Information provided →
================

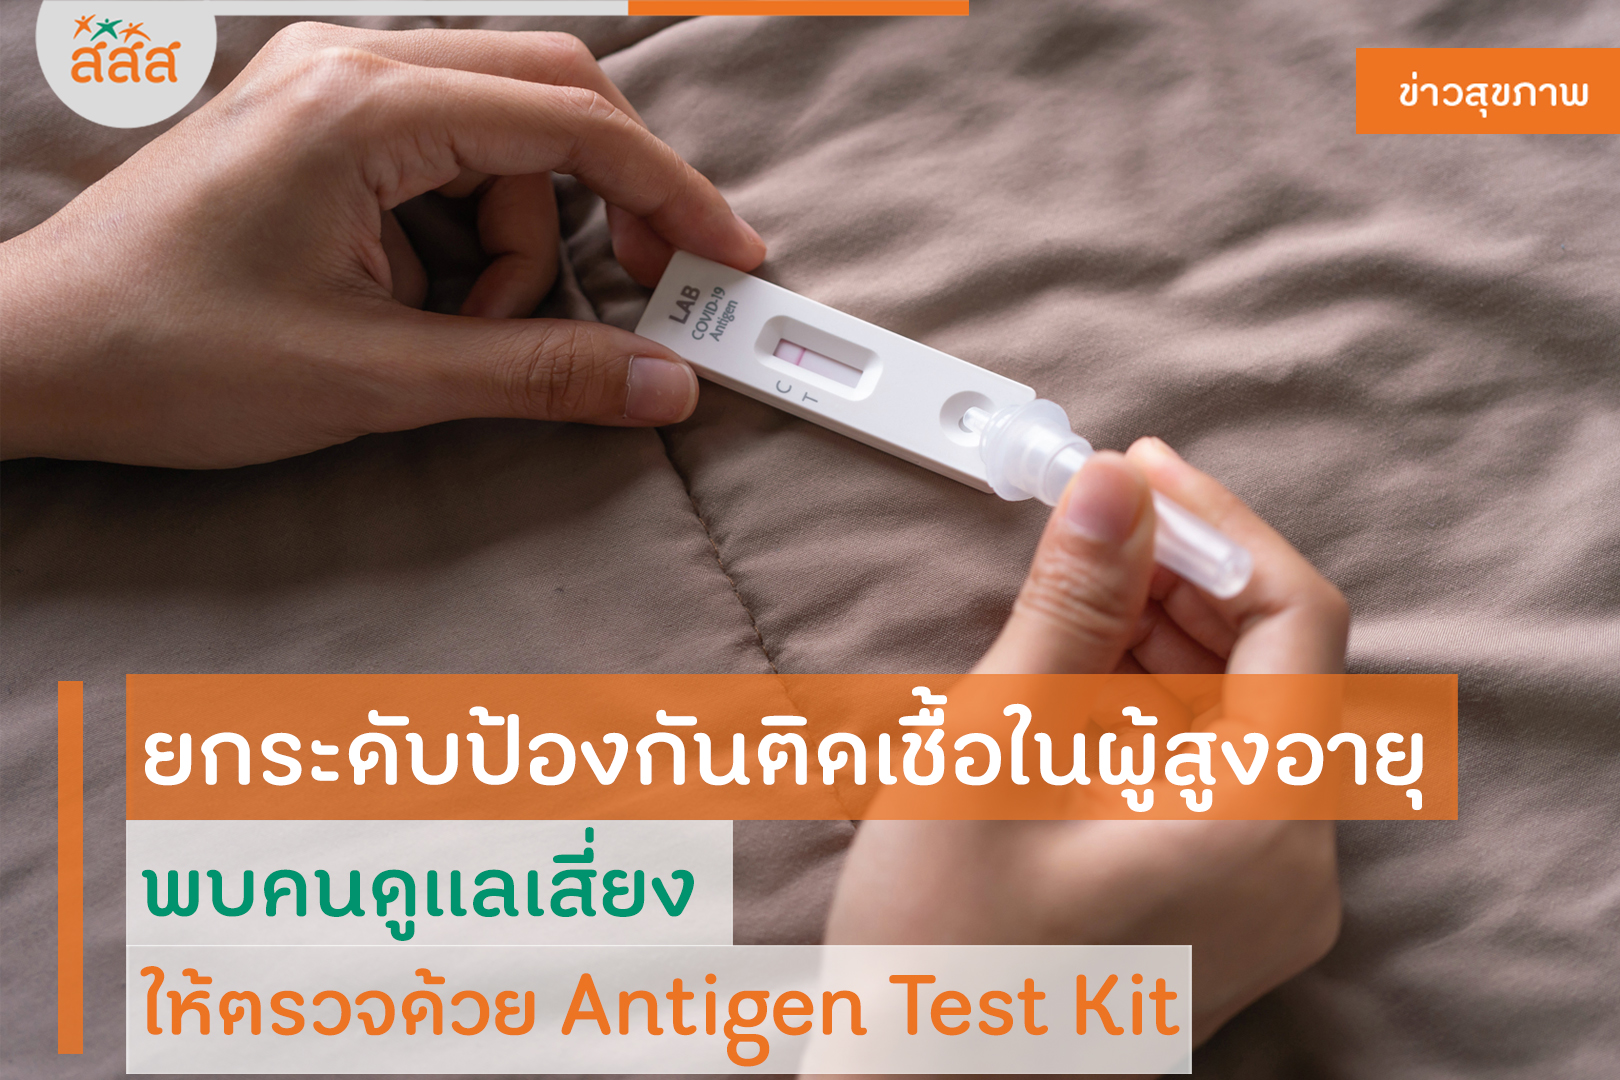 ยกระดับป้องกันติดเชื้อในผู้สูงอายุ พบคนดูแลเสี่ยง ให้ตรวจด้วย Antigen Test Kit thaihealth
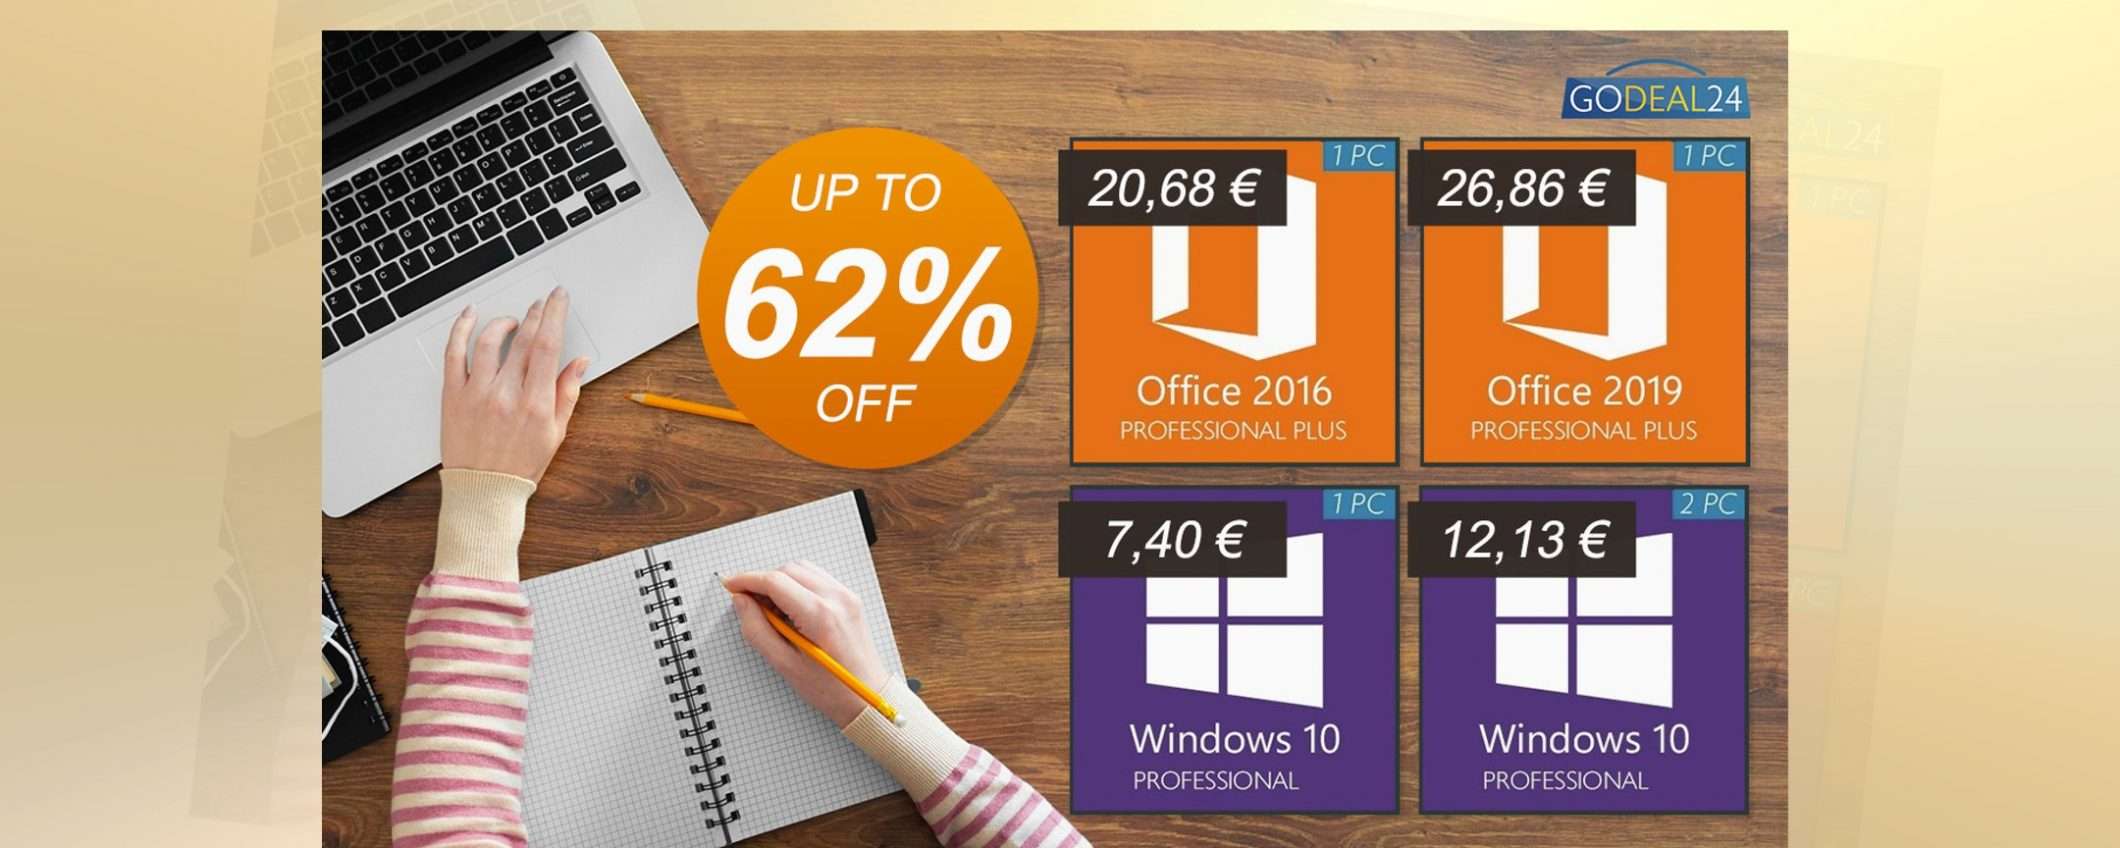 Offerta smart working Godeal24: Windows 10 Pro da 6€
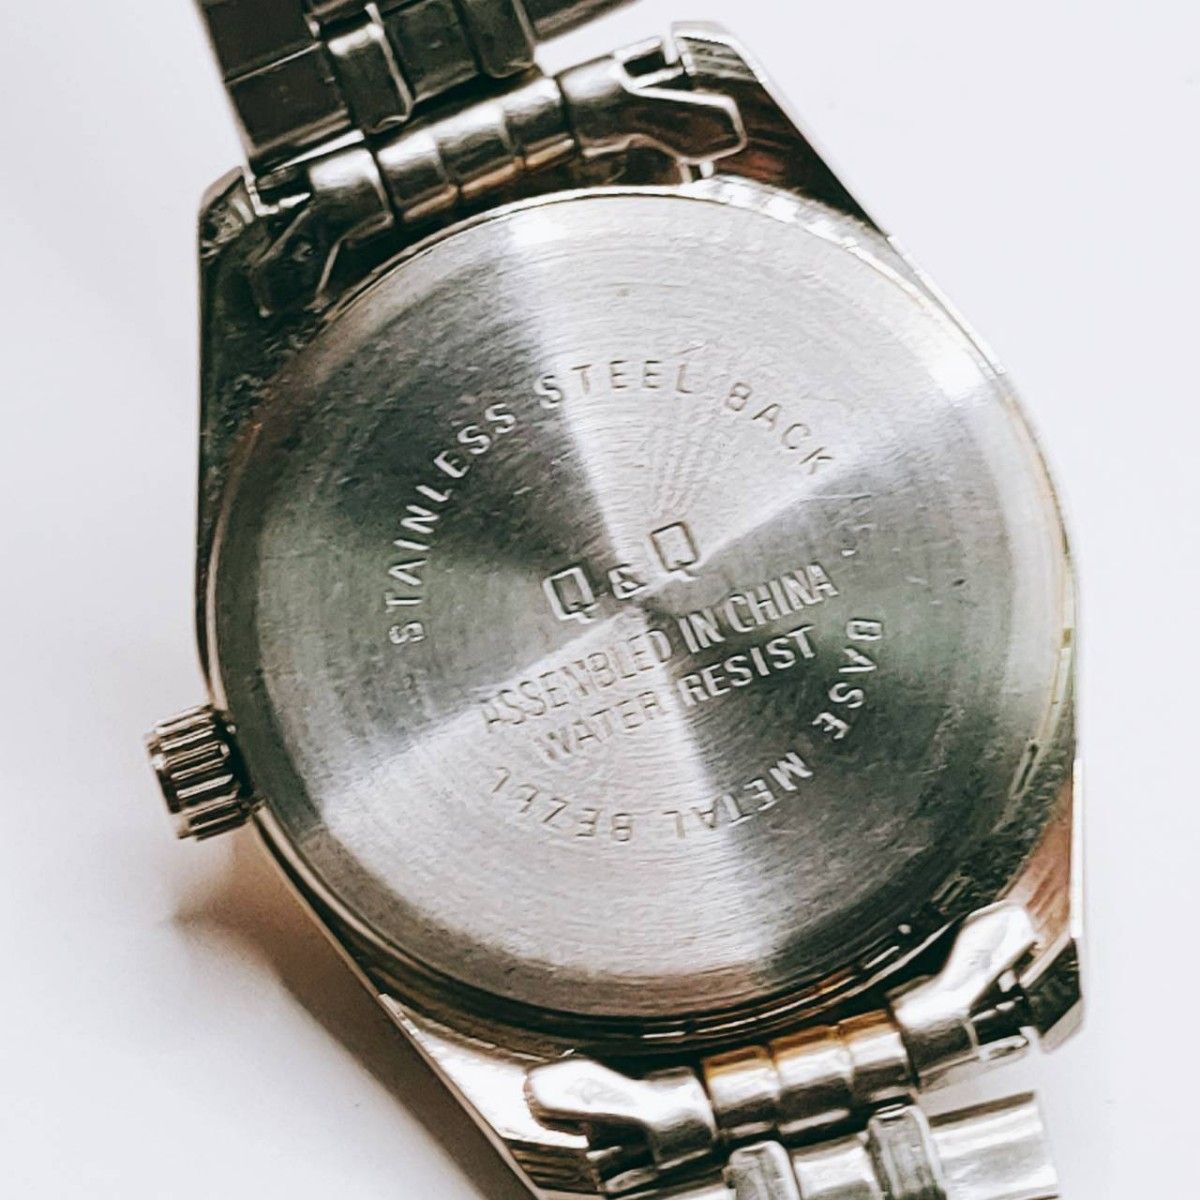 #7 Falcon ファルコン 腕時計 クウォーツ 3針 金色文字盤 シルバー基調 時計 とけい トケイ アクセサリー レトロ
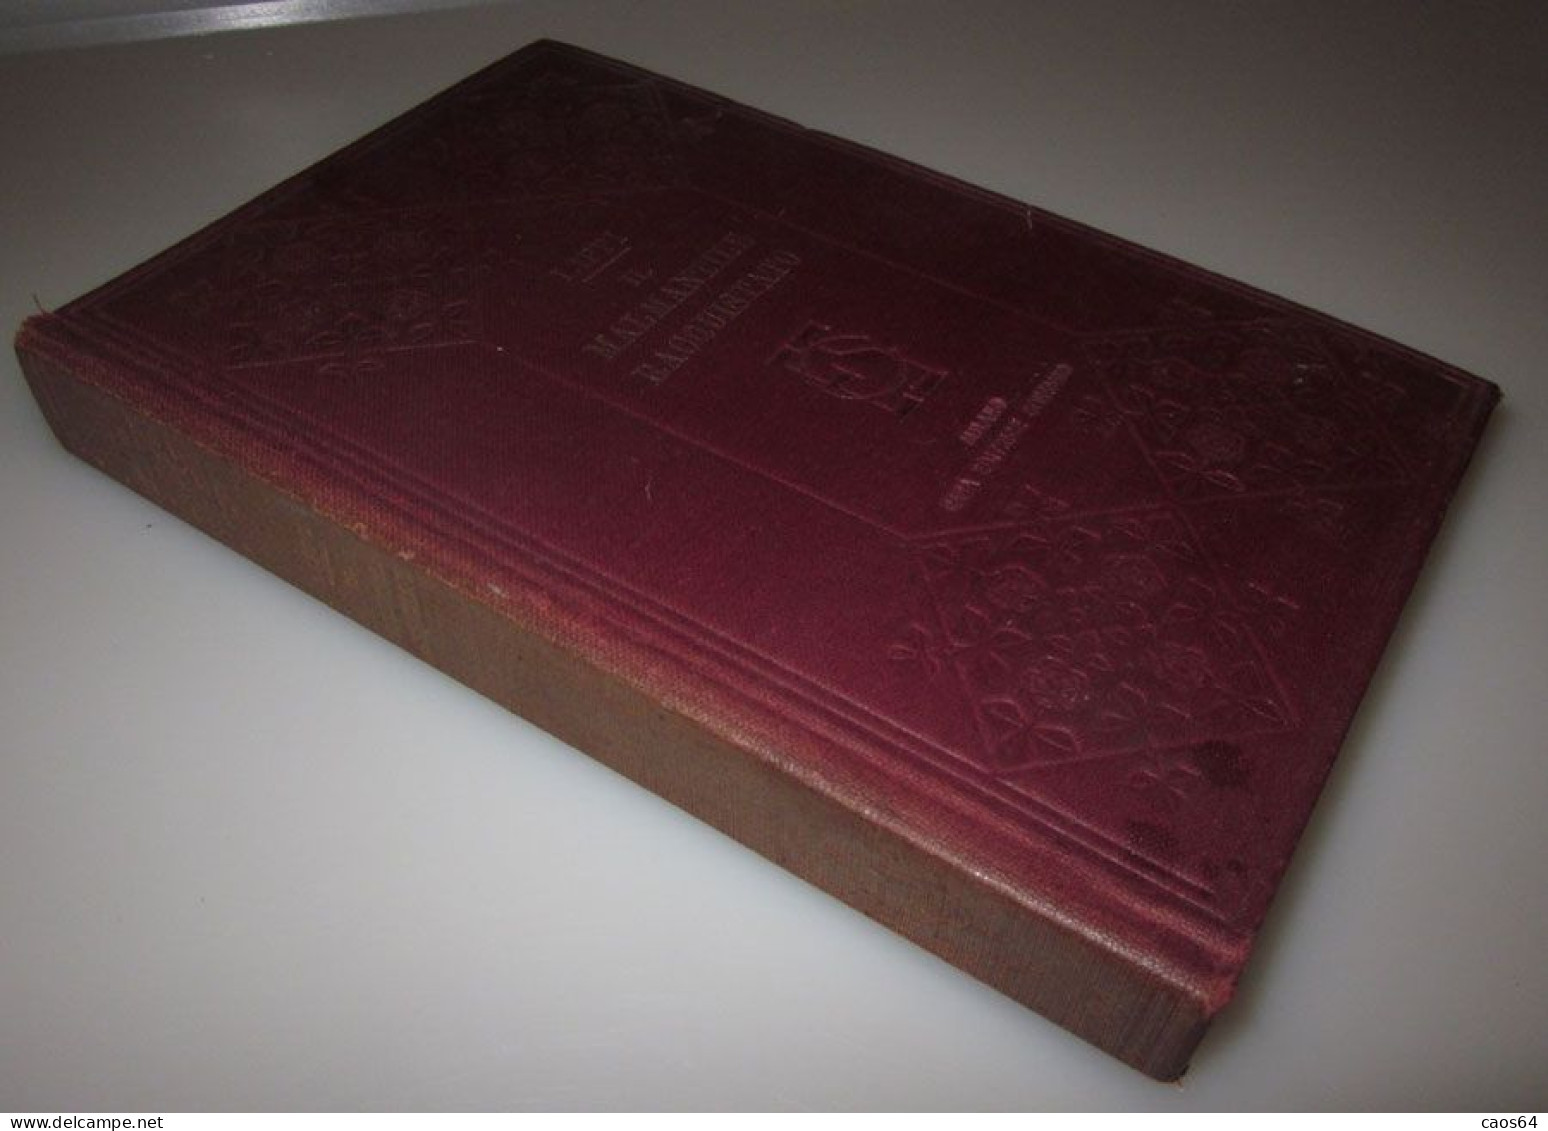 Lippi Il Malmantile Racquistato Sonzogno 1910 Volume Unico - Alte Bücher

================

To do →
This exercise calls for the complete listing, returned exactly and without images.

Answer below →
 ยกระดับป้องกันติดเชื้อในผู้สูงอายุ พบคนดูแลเสี่ยง ให้ตรวจด้วย Antigen Test Kit thaihealth
 Offerta smart working Godeal24: Windows 10 Pro da 6€
 #7 Falcon ファルコン 腕時計 クウォーツ 3針 金色文字盤 シルバー基調 時計 とけい トケイ アクセサリー レトロ
 Lippi Il Malmantile Racquistato Sonzogno 1910 Volume Unico - Alte Bücher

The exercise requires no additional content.